Vadose Zone Journal (Jan 2020)
Analysis of water vapor adsorption in soils by means of a lysimeter and numerical modeling
Abstract
Abstract Daily temperature oscillations can cause adsorption (and desorption) of atmospheric water vapor by soils. The resulting daily fluctuations in the amount of liquid water in the soil can be measured by high‐precision weighing lysimeters. We analyzed the data of a lysimeter in a sandy dune sediment in southern Spain using Codebright, a thermohydraulic numerical model for unsaturated flow that takes into account water, vapor, and heat transport in the soil, as well as soil–atmosphere interactions such as precipitation, evaporation, and solar radiation. The analysis shows that daily temperature oscillations, psychrometrics, and soil water retention can explain the fluctuations of the amount of liquid water in the soil.
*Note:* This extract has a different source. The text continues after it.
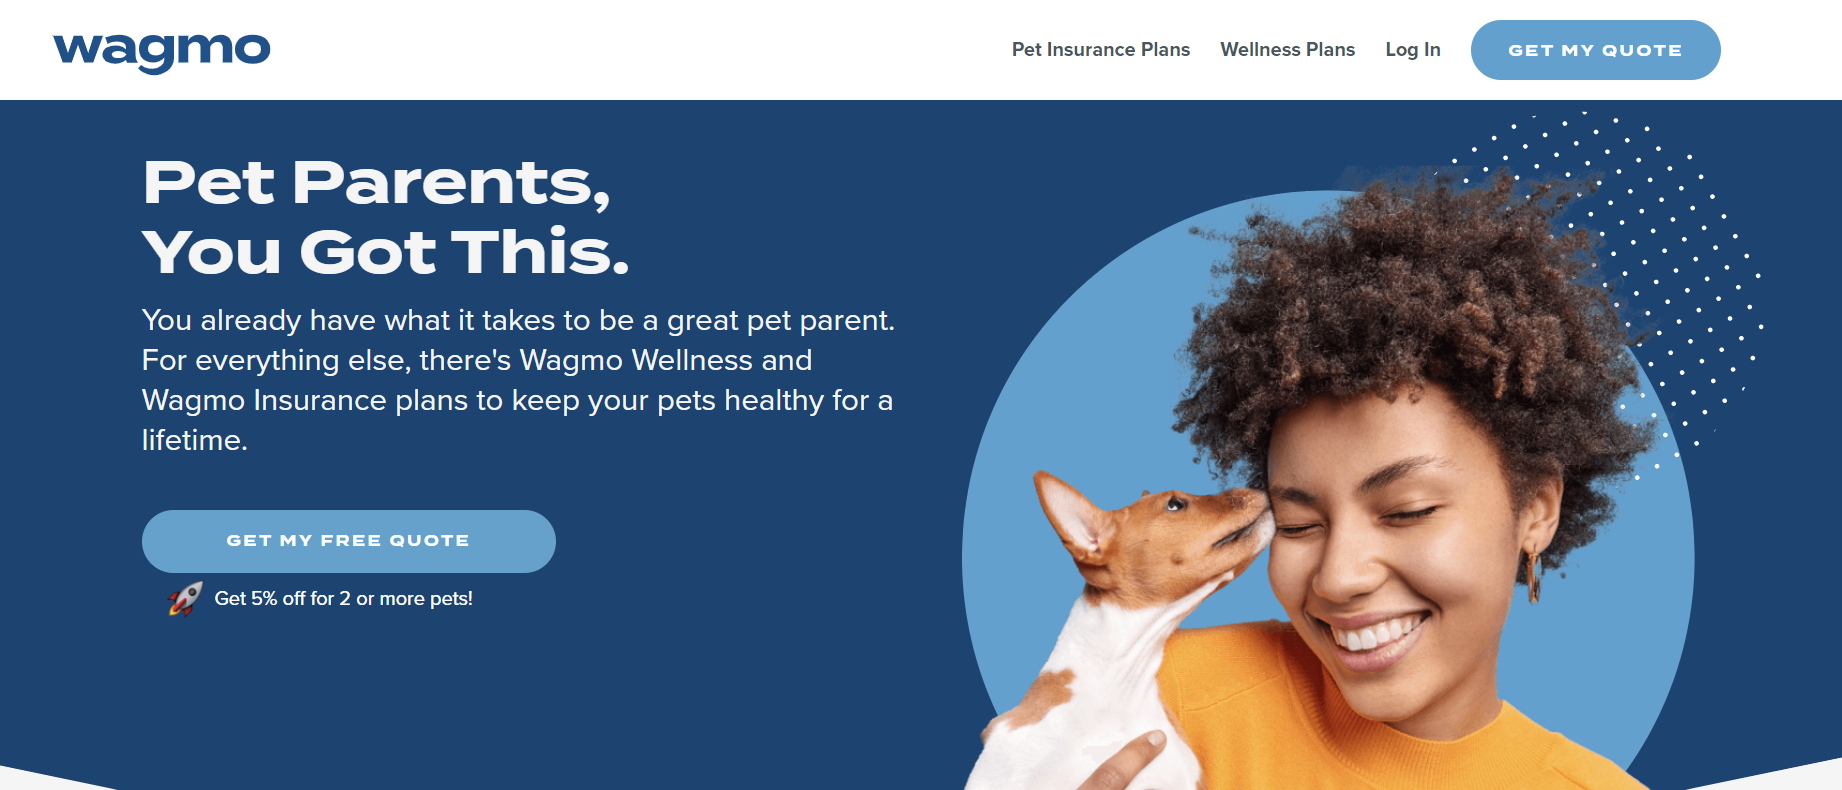 Wagmo is a leading pet care company
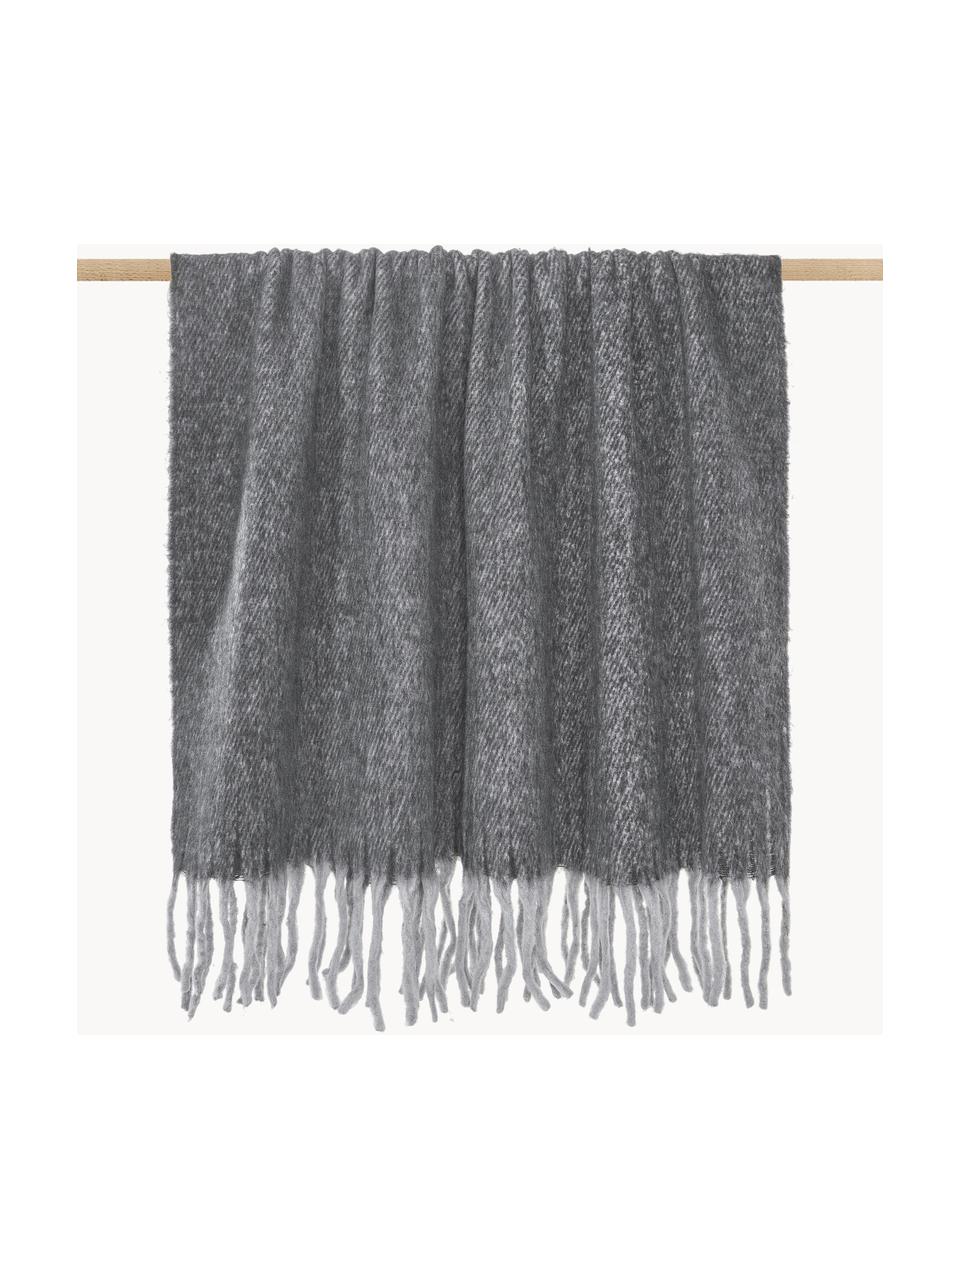 Plaid Verlee mit Fransenabschluss, 100 % Polyester, Grau, B 130 x L 170 cm

The retention curve, especially its driest part, is essential for the existence of these fluctuations. The fluctuations could not be reproduced by a model using the van Genuchten retention curve with a constant residual saturation. On the other hand, satisfactory results could be obtained by models using retention curves that at their driest part still show a change of saturation with suction. Moreover, the models suggest within the top few decimeters of the soil a pattern of alternating bands of condensation and evaporation, which follows the daily temperature oscillations that fade out deeper in the soil.